**Data shown**
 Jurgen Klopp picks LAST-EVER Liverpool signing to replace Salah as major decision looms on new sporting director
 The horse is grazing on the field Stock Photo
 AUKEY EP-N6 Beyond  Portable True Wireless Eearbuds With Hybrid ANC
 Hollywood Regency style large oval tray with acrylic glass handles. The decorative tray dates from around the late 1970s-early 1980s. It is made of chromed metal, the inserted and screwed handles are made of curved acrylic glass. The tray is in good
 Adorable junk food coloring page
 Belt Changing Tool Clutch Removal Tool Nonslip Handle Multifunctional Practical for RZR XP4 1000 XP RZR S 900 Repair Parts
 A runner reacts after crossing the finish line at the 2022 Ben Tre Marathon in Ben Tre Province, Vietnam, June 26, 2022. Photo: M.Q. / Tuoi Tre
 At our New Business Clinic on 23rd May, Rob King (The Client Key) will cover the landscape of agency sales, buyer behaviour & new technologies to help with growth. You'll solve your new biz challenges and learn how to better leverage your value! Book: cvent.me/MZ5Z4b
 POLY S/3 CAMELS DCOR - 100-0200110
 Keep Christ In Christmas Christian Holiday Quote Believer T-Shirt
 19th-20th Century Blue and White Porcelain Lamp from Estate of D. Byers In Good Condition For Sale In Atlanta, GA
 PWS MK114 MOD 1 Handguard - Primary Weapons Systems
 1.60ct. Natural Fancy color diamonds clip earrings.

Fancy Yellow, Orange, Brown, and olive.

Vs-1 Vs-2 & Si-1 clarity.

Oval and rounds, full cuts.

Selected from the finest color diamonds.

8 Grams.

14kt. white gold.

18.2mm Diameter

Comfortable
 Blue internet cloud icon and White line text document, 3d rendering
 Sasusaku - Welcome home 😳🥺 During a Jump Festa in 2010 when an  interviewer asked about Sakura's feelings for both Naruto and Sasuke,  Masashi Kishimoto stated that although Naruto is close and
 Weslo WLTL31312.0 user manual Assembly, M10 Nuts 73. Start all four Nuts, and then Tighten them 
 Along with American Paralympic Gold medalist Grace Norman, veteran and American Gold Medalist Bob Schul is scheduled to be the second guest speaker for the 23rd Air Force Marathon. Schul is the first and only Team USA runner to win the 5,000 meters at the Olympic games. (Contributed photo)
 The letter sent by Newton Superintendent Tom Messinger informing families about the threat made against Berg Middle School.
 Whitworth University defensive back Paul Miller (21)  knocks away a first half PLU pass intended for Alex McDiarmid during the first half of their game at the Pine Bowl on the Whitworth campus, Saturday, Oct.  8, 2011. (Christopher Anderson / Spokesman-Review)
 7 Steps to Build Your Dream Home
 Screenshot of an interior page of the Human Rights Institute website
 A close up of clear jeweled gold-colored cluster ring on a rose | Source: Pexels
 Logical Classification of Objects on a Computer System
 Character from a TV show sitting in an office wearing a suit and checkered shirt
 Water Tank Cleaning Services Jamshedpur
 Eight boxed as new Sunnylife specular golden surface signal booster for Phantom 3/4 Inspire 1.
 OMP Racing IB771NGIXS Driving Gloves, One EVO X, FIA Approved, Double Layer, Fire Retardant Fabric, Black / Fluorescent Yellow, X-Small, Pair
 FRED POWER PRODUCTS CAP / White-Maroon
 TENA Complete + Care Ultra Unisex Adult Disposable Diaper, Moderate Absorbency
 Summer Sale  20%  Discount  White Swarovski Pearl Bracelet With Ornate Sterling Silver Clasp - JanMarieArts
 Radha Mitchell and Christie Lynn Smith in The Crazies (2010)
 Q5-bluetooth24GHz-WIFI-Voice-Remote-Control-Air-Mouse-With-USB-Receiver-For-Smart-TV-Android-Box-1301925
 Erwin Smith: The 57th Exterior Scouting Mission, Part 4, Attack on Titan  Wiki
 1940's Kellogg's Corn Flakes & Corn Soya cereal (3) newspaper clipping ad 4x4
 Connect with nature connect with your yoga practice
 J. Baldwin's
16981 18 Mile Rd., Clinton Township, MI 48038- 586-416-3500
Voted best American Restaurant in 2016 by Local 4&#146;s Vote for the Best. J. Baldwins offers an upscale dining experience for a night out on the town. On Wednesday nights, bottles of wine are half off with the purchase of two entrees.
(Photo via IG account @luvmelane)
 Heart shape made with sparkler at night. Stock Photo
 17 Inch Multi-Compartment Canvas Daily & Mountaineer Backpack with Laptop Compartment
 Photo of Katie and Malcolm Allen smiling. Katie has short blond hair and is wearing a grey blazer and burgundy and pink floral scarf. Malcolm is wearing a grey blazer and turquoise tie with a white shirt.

**Work task**
Print precisely the lines from the one with "(Photo via IG account @luvmelane)" through the end of the data above, adding nothing.

**Reply to the exercise**
(Photo via IG account @luvmelane)
 Heart shape made with sparkler at night. Stock Photo
 17 Inch Multi-Compartment Canvas Daily & Mountaineer Backpack with Laptop Compartment
 Photo of Katie and Malcolm Allen smiling. Katie has short blond hair and is wearing a grey blazer and burgundy and pink floral scarf. Malcolm is wearing a grey blazer and turquoise tie with a white shirt.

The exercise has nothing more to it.